As I said above, the bacon is unlikely to do you any harm if eaten in moderation but the EU guidelines do specify a maximum residual amount of 175 mg/Kg Nitrite for _*commercially*_ produced bacon and the final theoretical concentration of Nitrite in your bacon will be somewhere between 0 and 583 mg/kg (Ppm). As you can see, your bacon could _*theroretically*_ be over 3x this permitted amount.

However, as you did not apply all of the cure mix and you washed a lot off at the end, only a %age of this cure would have been taken up - but the problem is that we just don't know how much. Soaking it will also help to remove some of the salt and cure that has been absorbed - but again to an unknown degree. All we can say with certainty is that it will be something less than 583 mg/kg (Ppm).

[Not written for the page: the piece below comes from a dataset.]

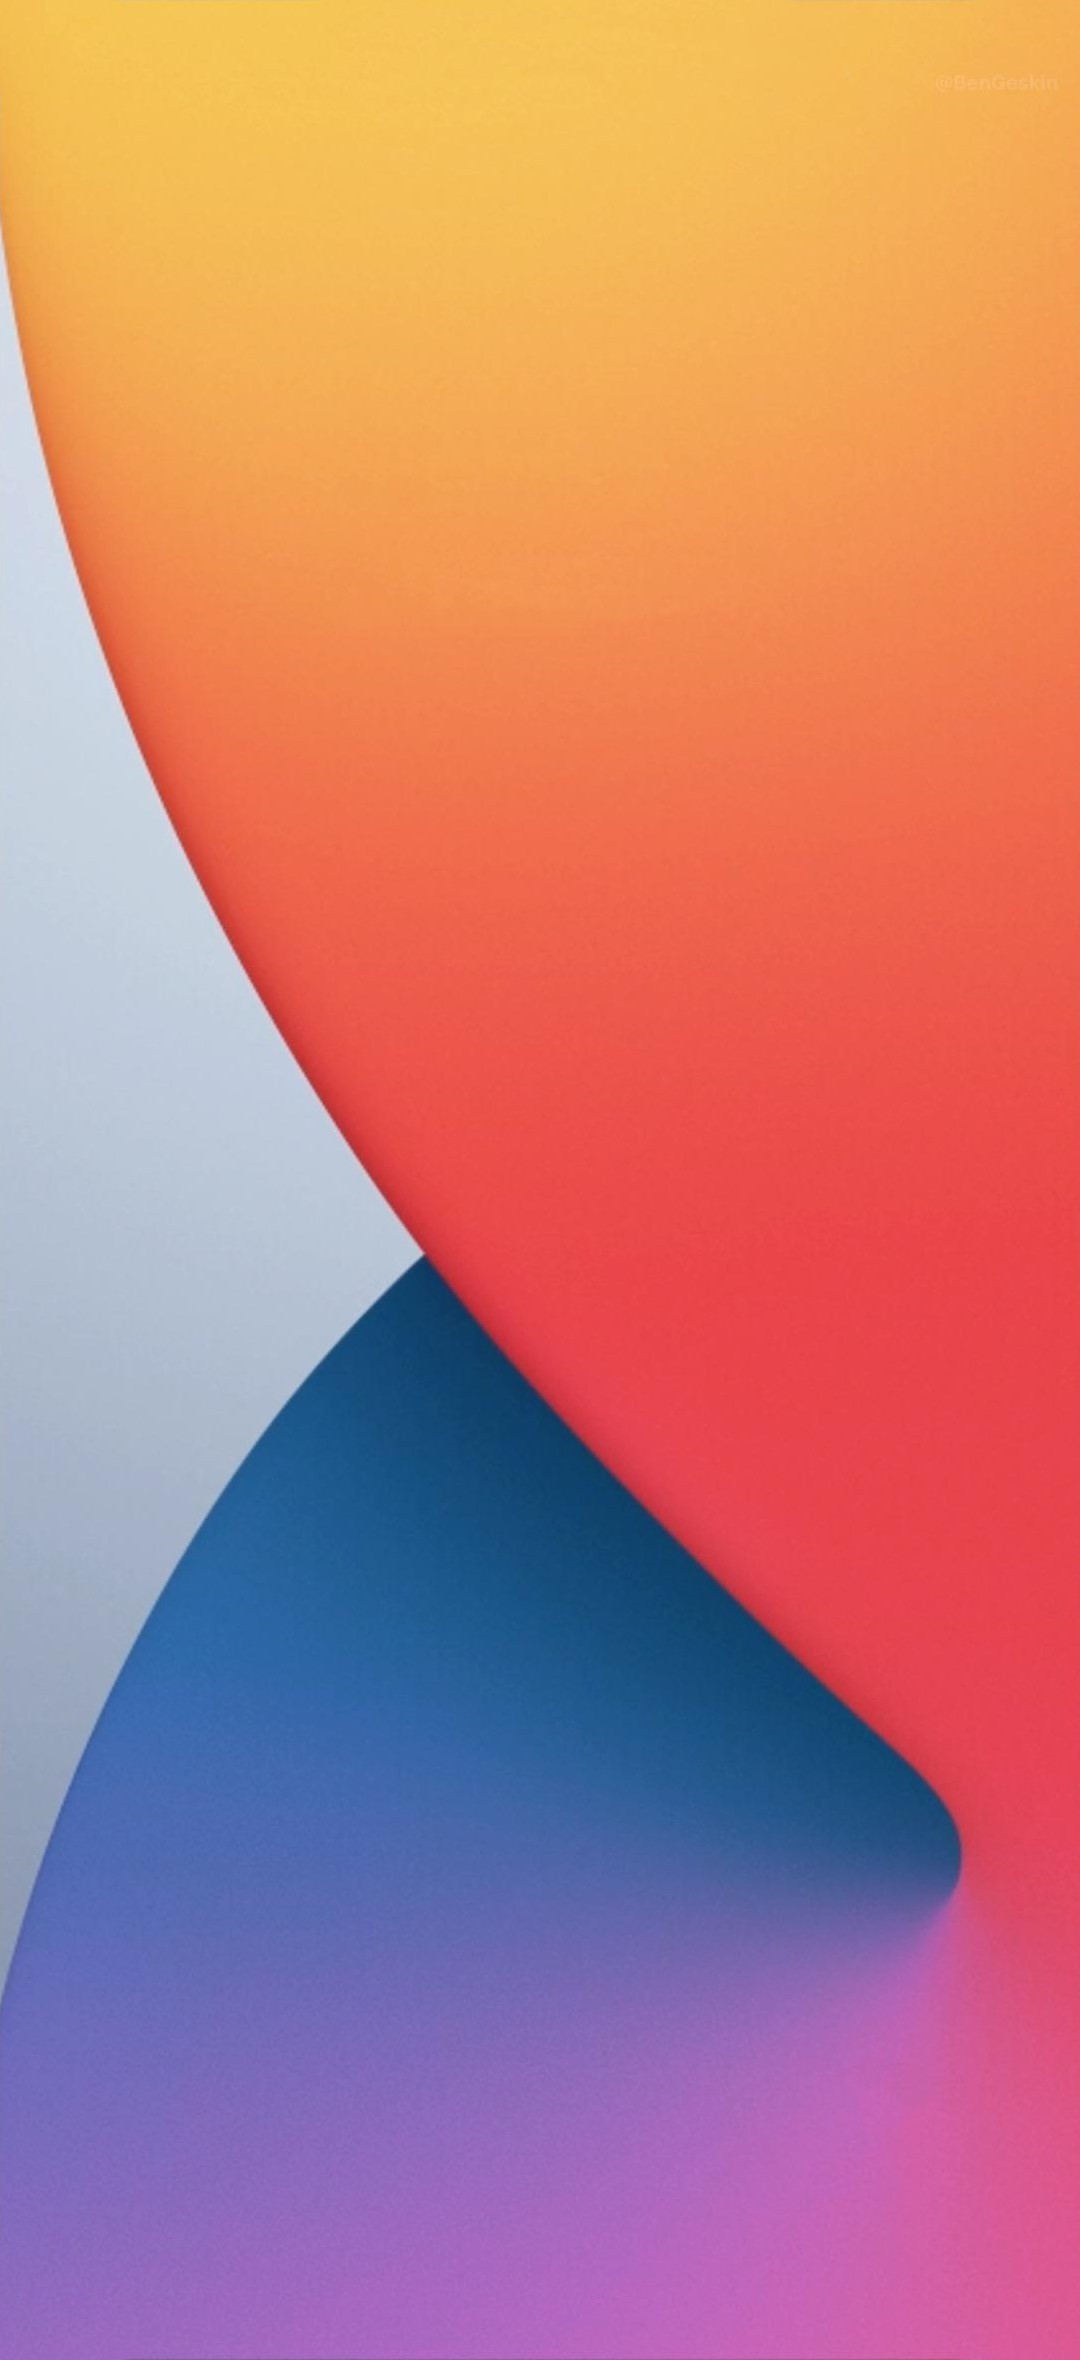 iOS 14 Wallpaper - KoLPaPer - Awesome Free HD Wallpapers

Personally, If I could get the salt levels down to an acceptable palatable level by soaking the bacon in fresh water then I would probably eat it in moderation - but due to the uncertainly I could not give you advice that you should do the same.


----------



## kiska95 (Jul 8, 2015)

Thanks Wade[emoji]128077[/emoji]


----------



## kiska95 (Jul 9, 2015)

Decision made!
It's going IN THE BIN[emoji]128553[/emoji]
For the cost of the pork (£2.96kg) it's not worth the palaver or worry of the unknown! I have spent more on a bottle of plonk[emoji]128540[/emoji]
Thanks Steve n Wade great advice and good lessons learned[emoji]128077[/emoji] more attention to detail!!!!!


----------



## wade (Jul 9, 2015)

Don't be put off. Home made bacon is lovely and is actually very straightforward when you know. Next time you get some belly or loin let us know and we can help you with, or check, your calculations.


----------



## kiska95 (Jul 9, 2015)

Yes your right wade I totally agree[emoji]128077[/emoji]


----------